Task instructions>
Nothing but an exact copy is asked for: the lines in the material below from the one with "Stampa Scollatura a" through the one with "Radiolink R6FG 2.4GHz", pictures excluded.

Source records>
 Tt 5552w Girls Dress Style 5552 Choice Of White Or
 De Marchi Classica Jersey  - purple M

---

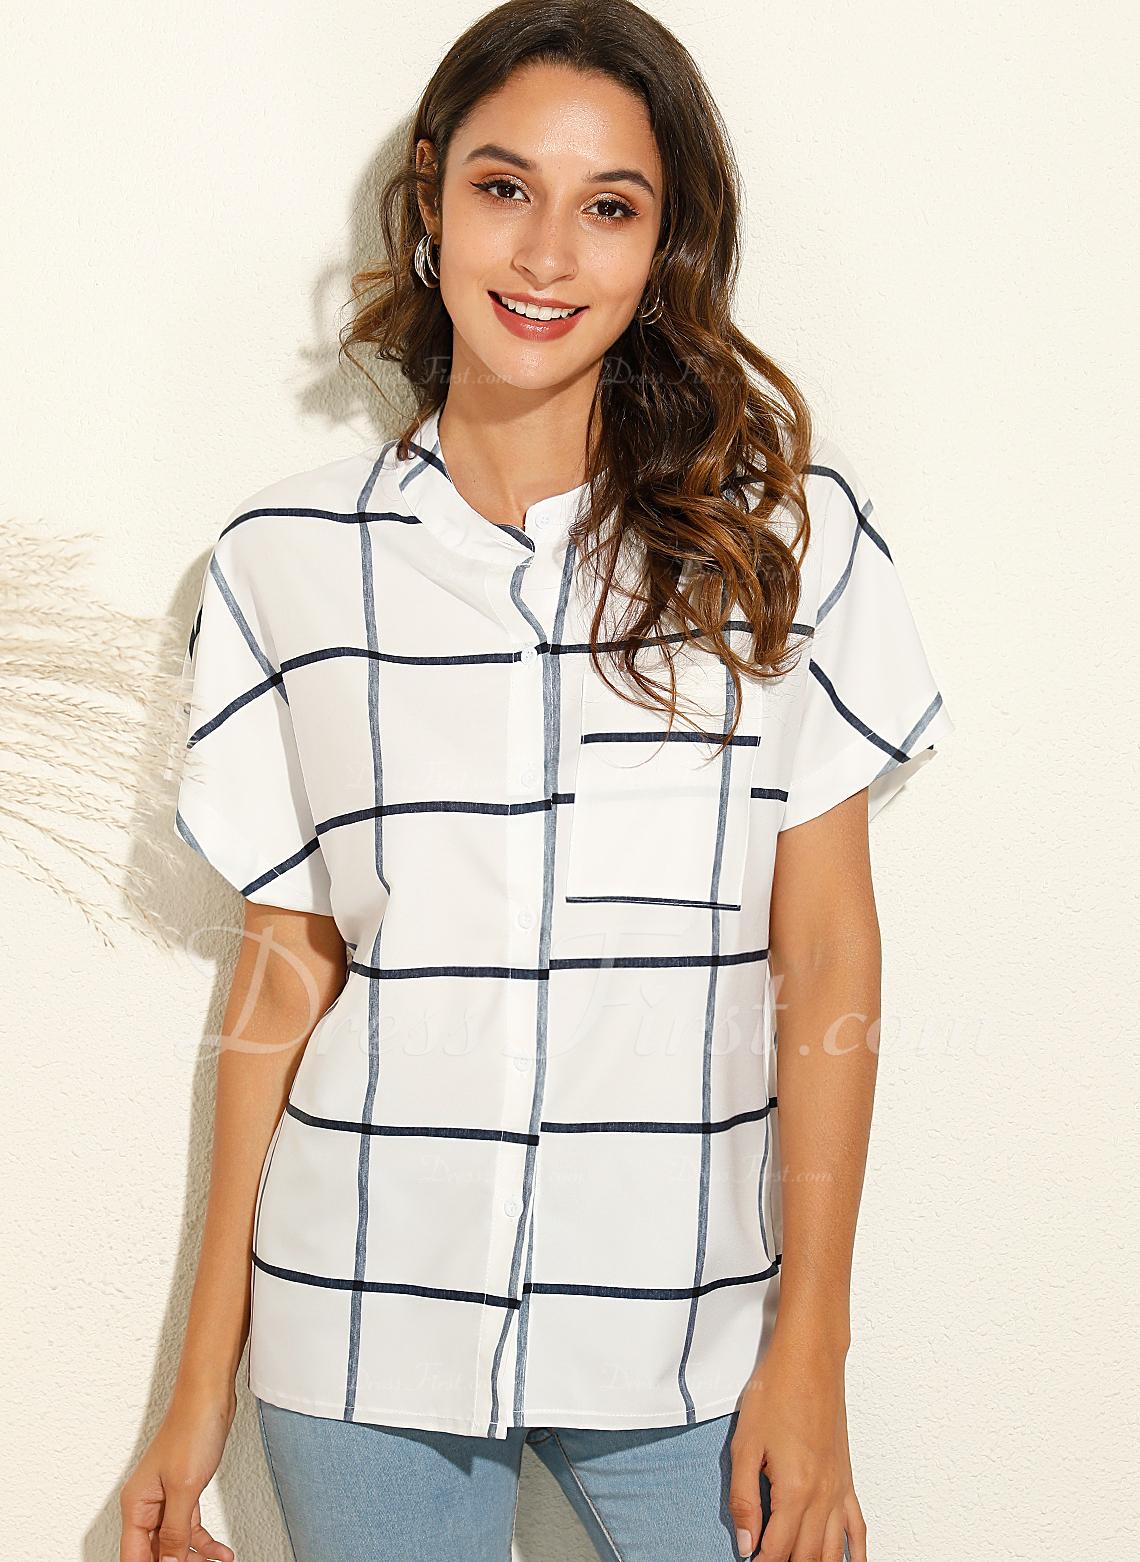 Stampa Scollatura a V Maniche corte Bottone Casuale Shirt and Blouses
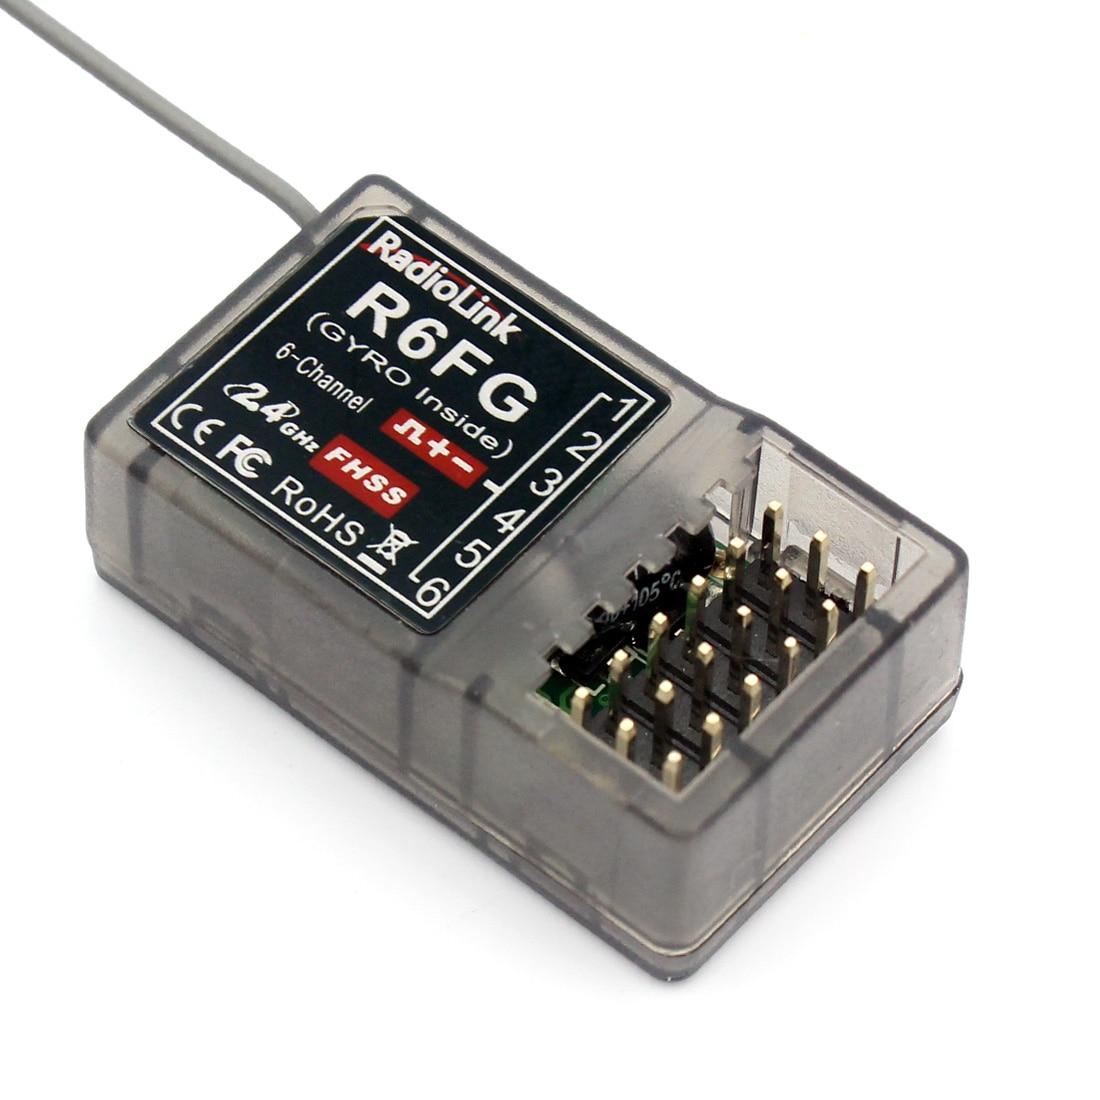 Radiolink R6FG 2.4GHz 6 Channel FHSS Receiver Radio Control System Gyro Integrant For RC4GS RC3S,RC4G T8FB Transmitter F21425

Exercise output>
 Stampa Scollatura a V Maniche corte Bottone Casuale Shirt and Blouses
 Radiolink R6FG 2.4GHz 6 Channel FHSS Receiver Radio Control System Gyro Integrant For RC4GS RC3S,RC4G T8FB Transmitter F21425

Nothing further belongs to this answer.